Networking / Beginners


Wireless devices connected together into a network, whether ad hoc or infrastructure, require some way to identify that network. Packets bound for computers within the network need to go where they're supposed to go, even when you have more than one Wi-Fi network overlapping. The jargon gets a little crazy here, especially because marketing has come into the mix.

The Basic Service Set Identifier (BSSID) defines the most basic infrastructure mode network, a BSS of one WAP and one or more wireless nodes. With such a simple network, the Wi-Fi folks didn't see any reason to create some new numbering or naming scheme, so they made the BSSID the same as the MAC address for the WAP. Simple! Ah, but what to do about ad-hoc networks that don't have a WAP? The nodes that connect in an IBSS randomly generate a 48-bit string of numbers that looks and functions just like a MAC address, and that BSSID goes in every packet.

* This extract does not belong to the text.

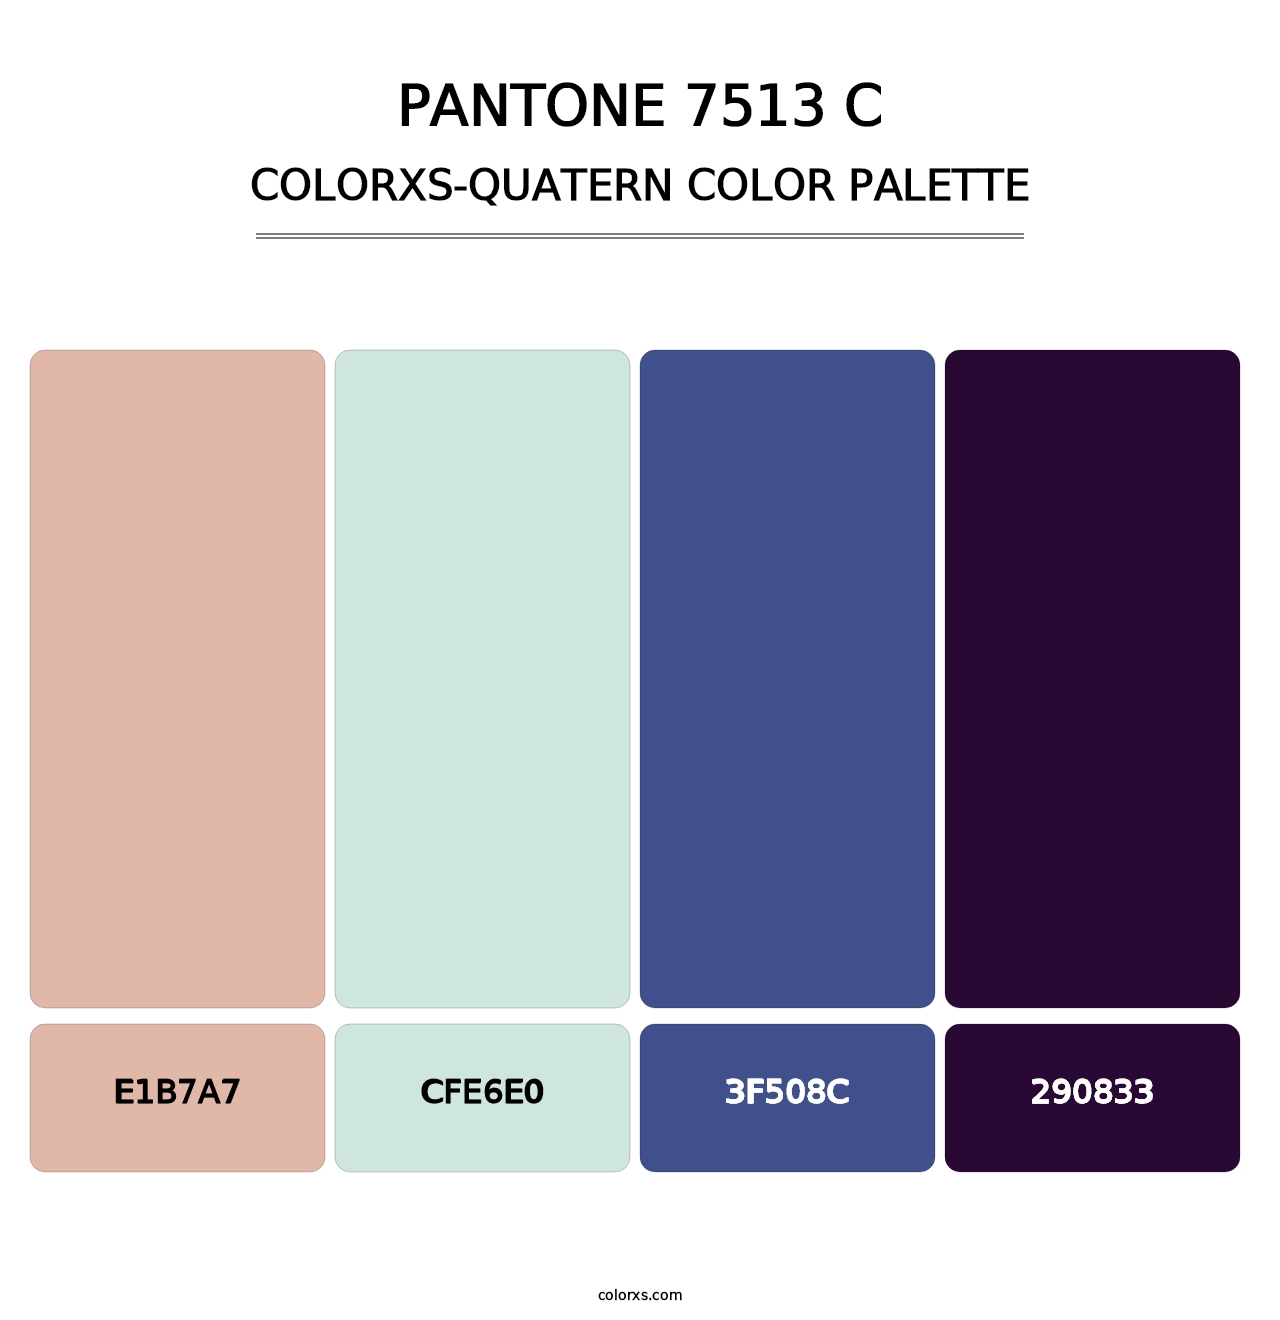 PANTONE 7513 C - Colorxs Quatern Palette

You could, if required, discover the MAC address for the WAP in a BSS and manually type that into the network name field when setting up a wireless computer. But that brings up two problems. First, people don't want to remember strings of 48 digits, even if translated out as six hexadecimal octets, like A9-45-F2-3E-CA-12. People want names. Second, how do you connect two or more computers together into an IBSS when the BSSID has to be randomly generated?

The Wi-Fi folks created another level of naming called a Service Set Identifier (SSID), a standard name applied to the BSS or IBSS to help connection happen. The SSID- sometimes called a network name-is a 32-bit identification string that's inserted into the header of each data packet processed by a WAP. Every Wi-Fi device must share the same SSID to communicate in a single network.

So let's take it one step further into a Wi-Fi network that has multiple WAPs, an ESS. How do you determine the network name at this level? You simply repurpose the SSID, only apply it to the ESS as an Extended Service Set Identifier (ESSID).

Unfortunately, most Wi-Fi devices just use the term SSID, not ESSID. When you configure a wireless device to connect to an ESS, you're technically using the ESSID rather than just the SSID, but the manufacturer often has tried to make it simple for you by using only the term SSID.

TIP The CompTIA Network+ certification exam uses the two terms-SSID and ESSID-interchangeably. Concentrate on these two terms for the exam.